# Fusionner comptes iTunes et iCloud



## iTariq (30 Mai 2018)

Bonsoir à tous,

Je dispose d’un compte iTunes (en @outlook.com) et d’un compte iCloud (@icloud.com), ces deux comptes sont donc distincts. Dans un but de simplification, j’ai entrepris de ne garder que @icloud.com. J’ai déjà réussi à changer iMessage, FaceTime, GameCenter, etc. mais je rencontre des difficultés avec mon compte iTunes. Comment faire pour pouvoir utiliser « @icloud.com » comme identifiant pour mon compte iTunes ?

Lorsque j'essaie, j'obtiens ce message d'erreur : « Vous pouvez uniquement ajouter l’adresse @icloud.com qui est déjà associée à votre compte. »

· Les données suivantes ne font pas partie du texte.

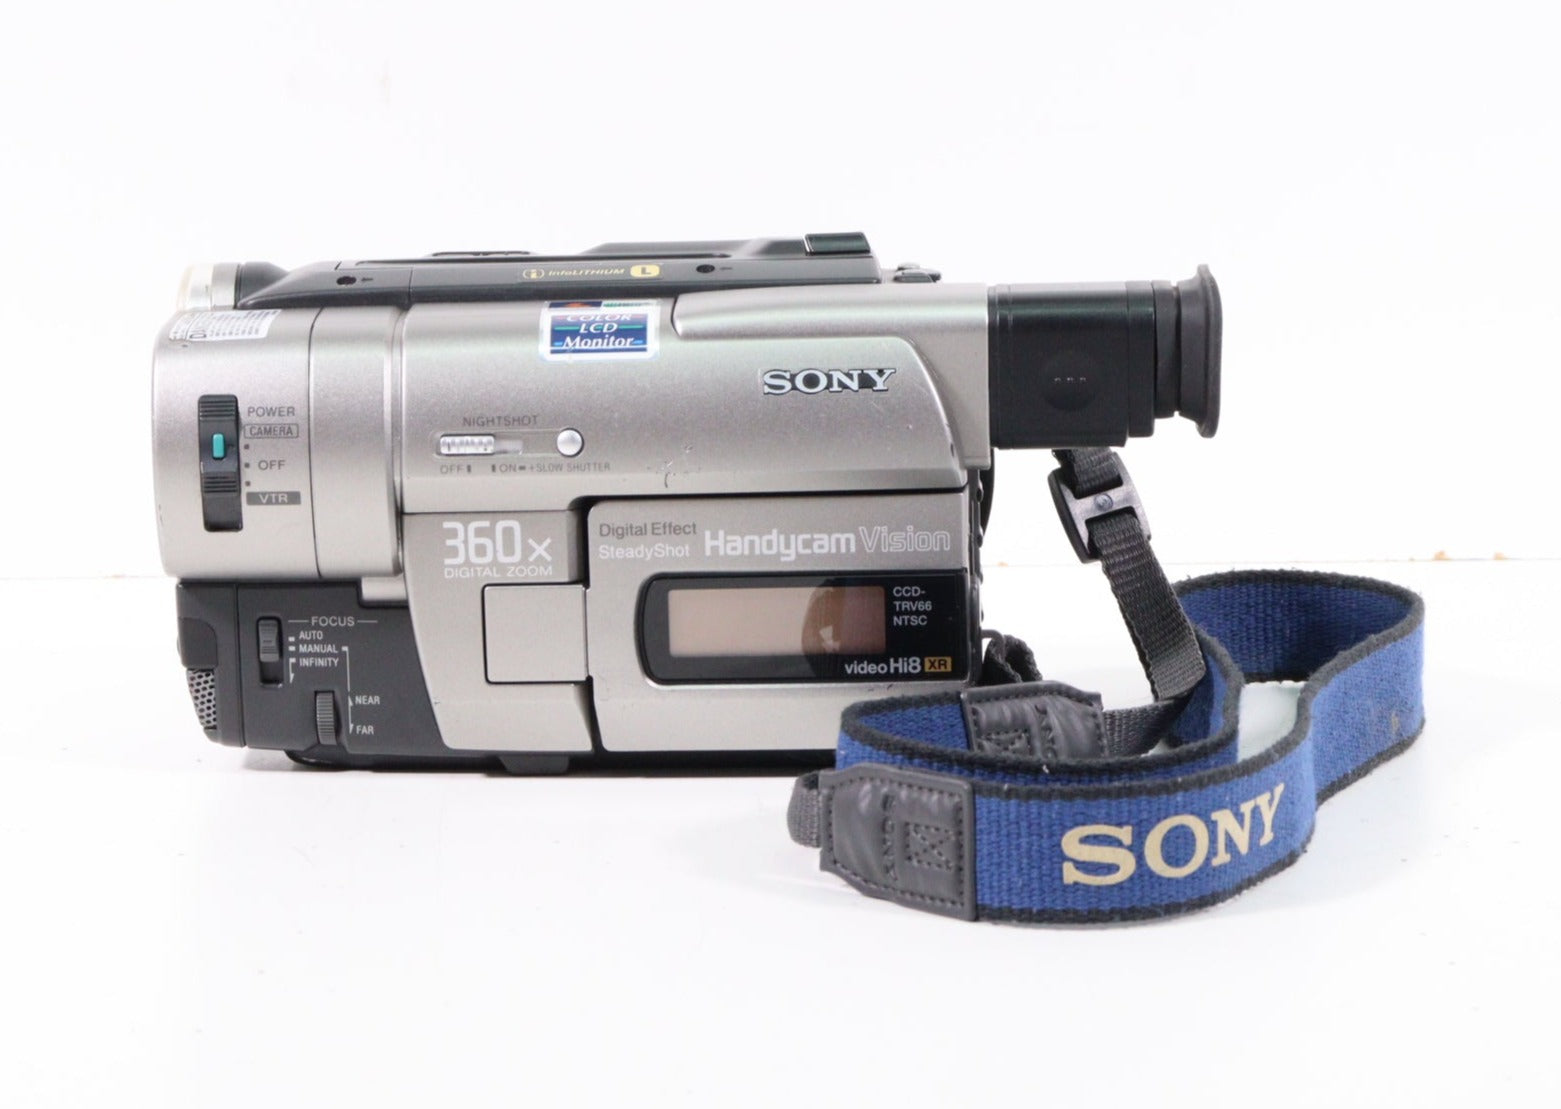 SONY videoHi8 Handycam CCD-TRV66 - ビデオカメラ
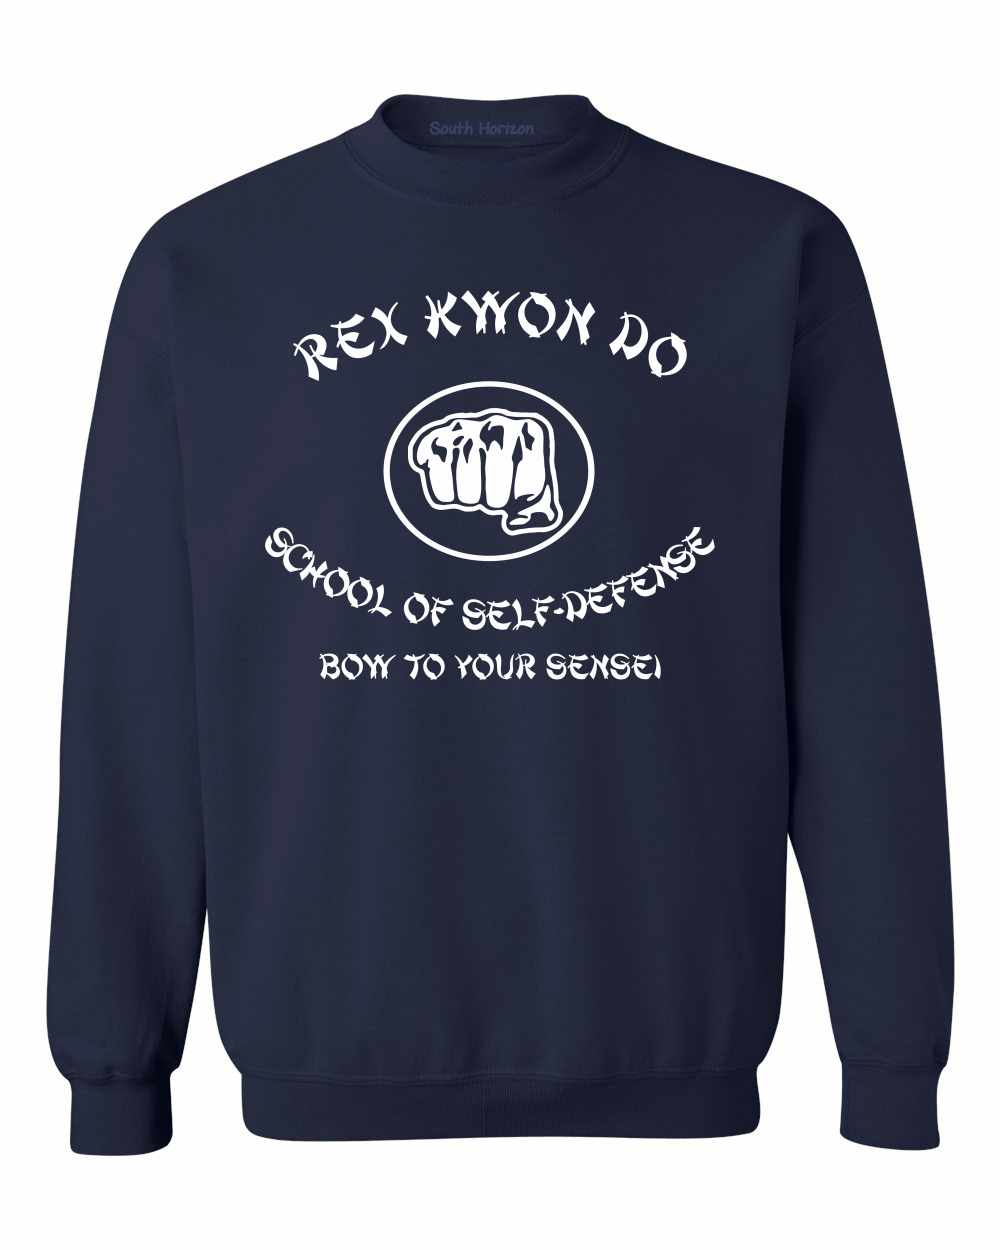 REX KWON DO SCHOOL OF SELF DEFENSE on SweatShirt (#386-11)

- https://support.apple.com/fr-be/HT202667#otheraddress : « Si vous saisissez un nouvel identifiant Apple se terminant par @icloud.com, @me.com ou @mac.com, un message de confirmation s’affiche. »
MAIS
- https://support.apple.com/fr-fr/HT201356#alt : « Assurez-vous de saisir une adresse e-mail que vous n’utilisez pas déjà pour un identifiant Apple. »


Merci d'avance !


----------



## guytoon48 (31 Mai 2018)

Bonjour,
C’est mon cas et peux te dire que c’est infaisable...


----------